[Opening Dataset extract section]

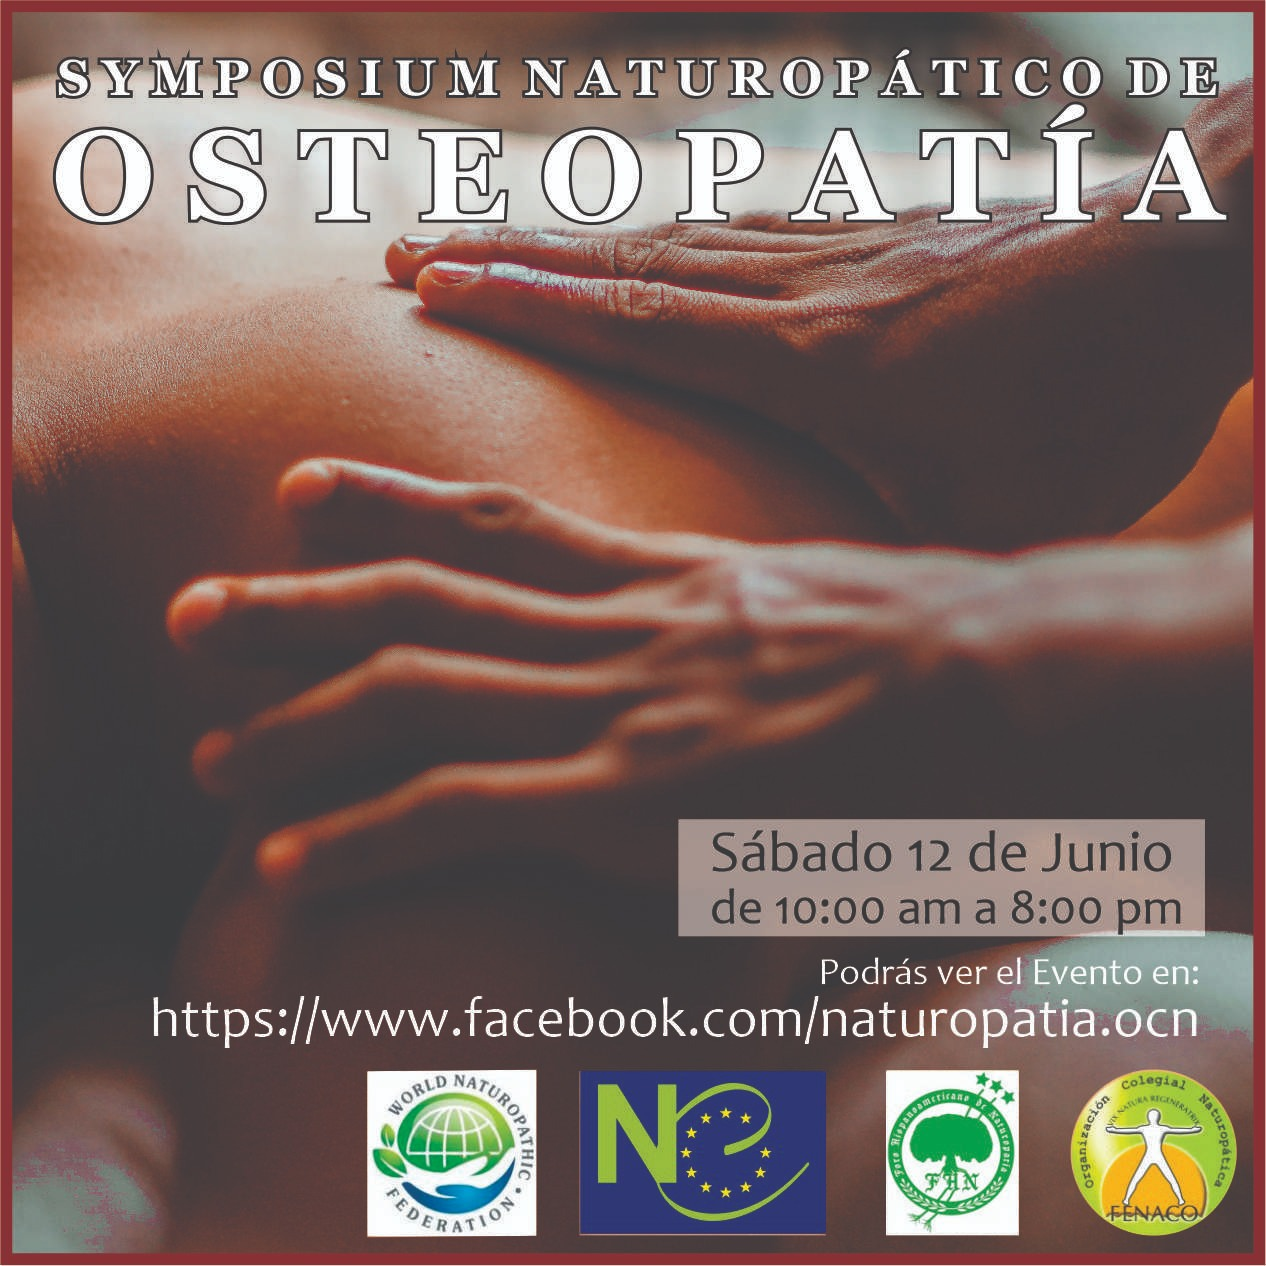 SYMPOSIUM NATUROPÁTICO DE OSTEOPATIA @ ONLINE FACEBOOK
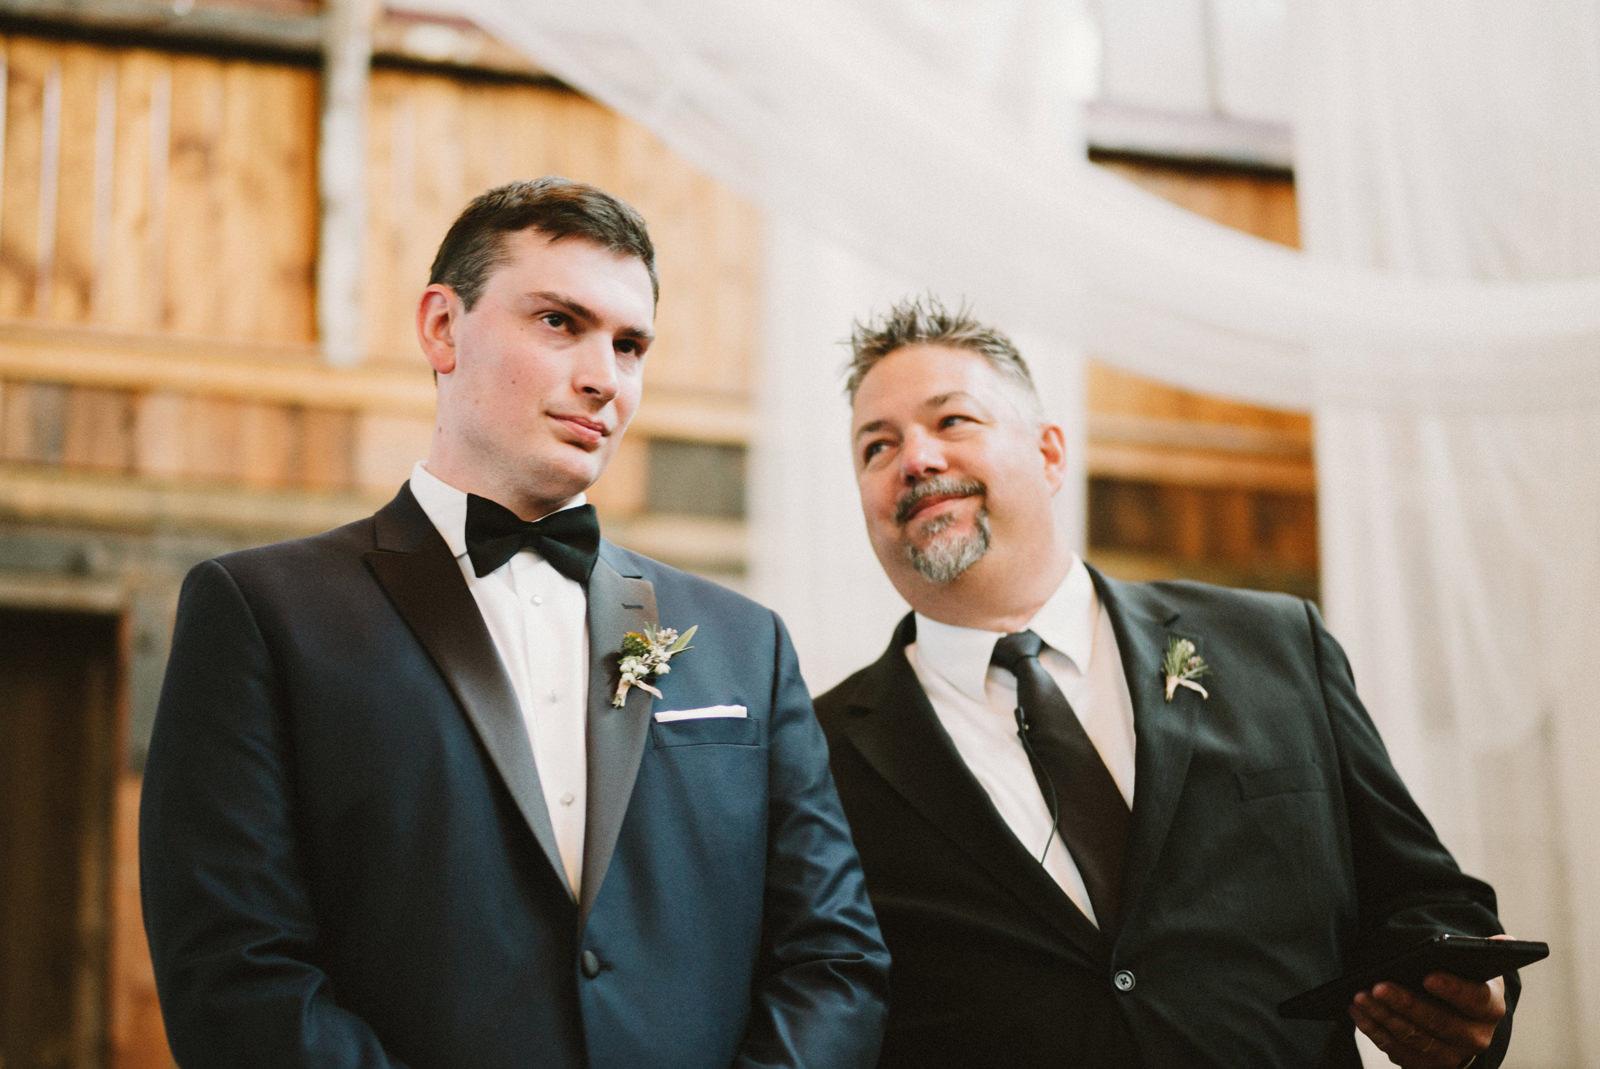 sodo-park-wedding-035 SODO PARK WEDDING
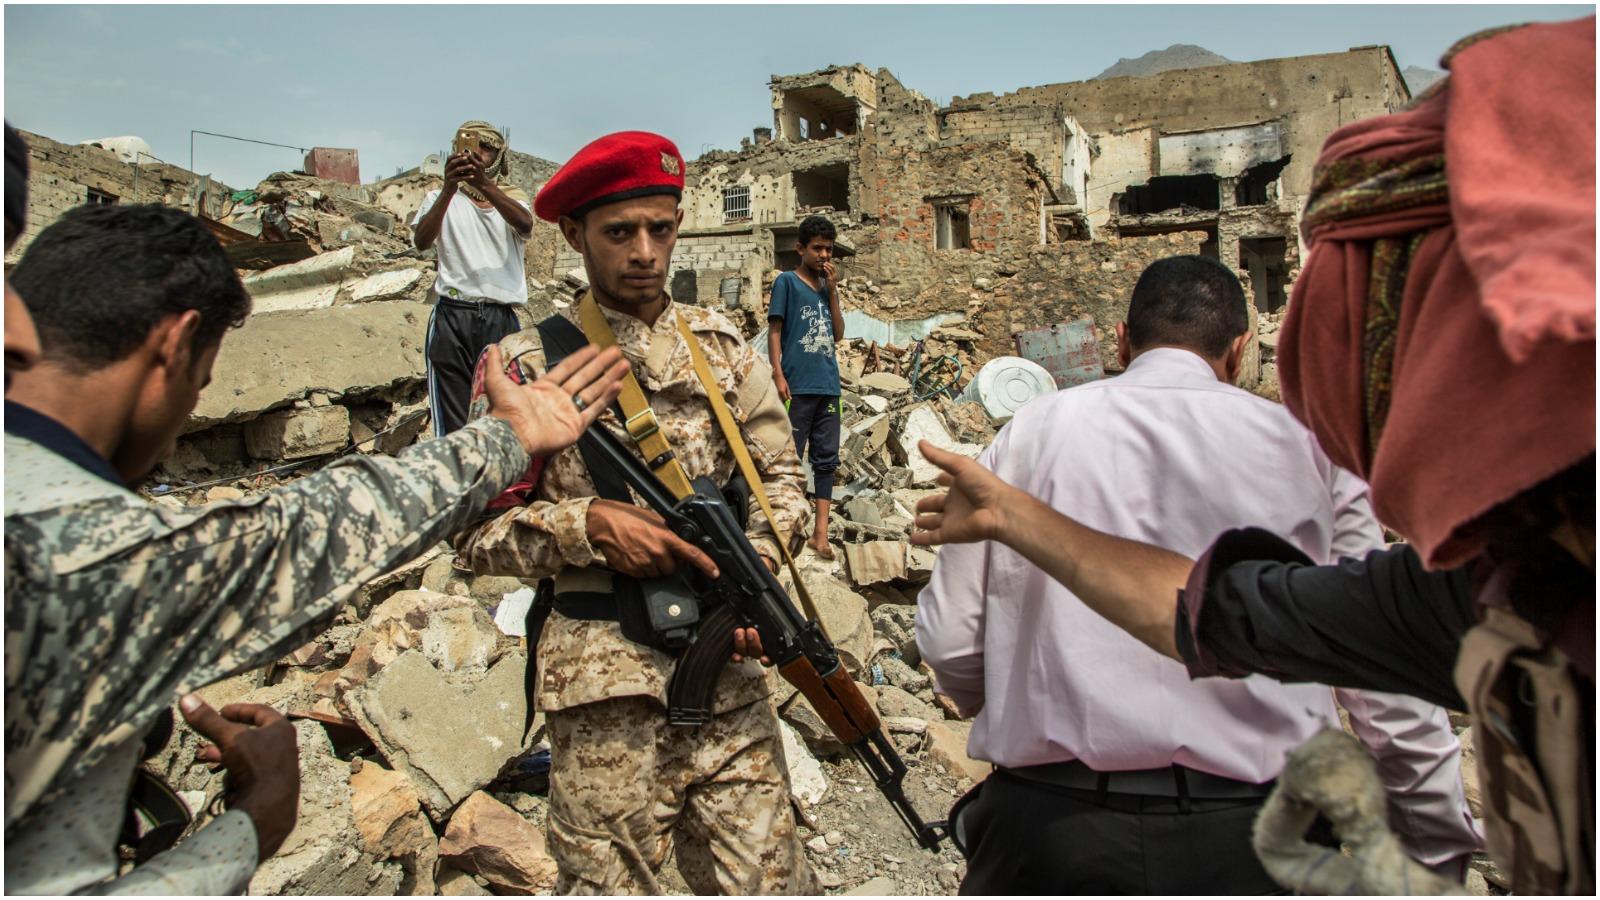 Professor Isa Blumi: Yemen er ikke en stedfortræderkrig mellem Iran og Saudi-Arabien – tværtimod er USA centrum for krigen

[Closing Dataset extract section]

= Work to be completed =
All that's required is the material above repeated exactly, minus any picture.

= Written answer =
 SYMPOSIUM NATUROPÁTICO DE OSTEOPATIA @ ONLINE FACEBOOK
 sodo-park-wedding-035 SODO PARK WEDDING
 Professor Isa Blumi: Yemen er ikke en stedfortræderkrig mellem Iran og Saudi-Arabien – tværtimod er USA centrum for krigen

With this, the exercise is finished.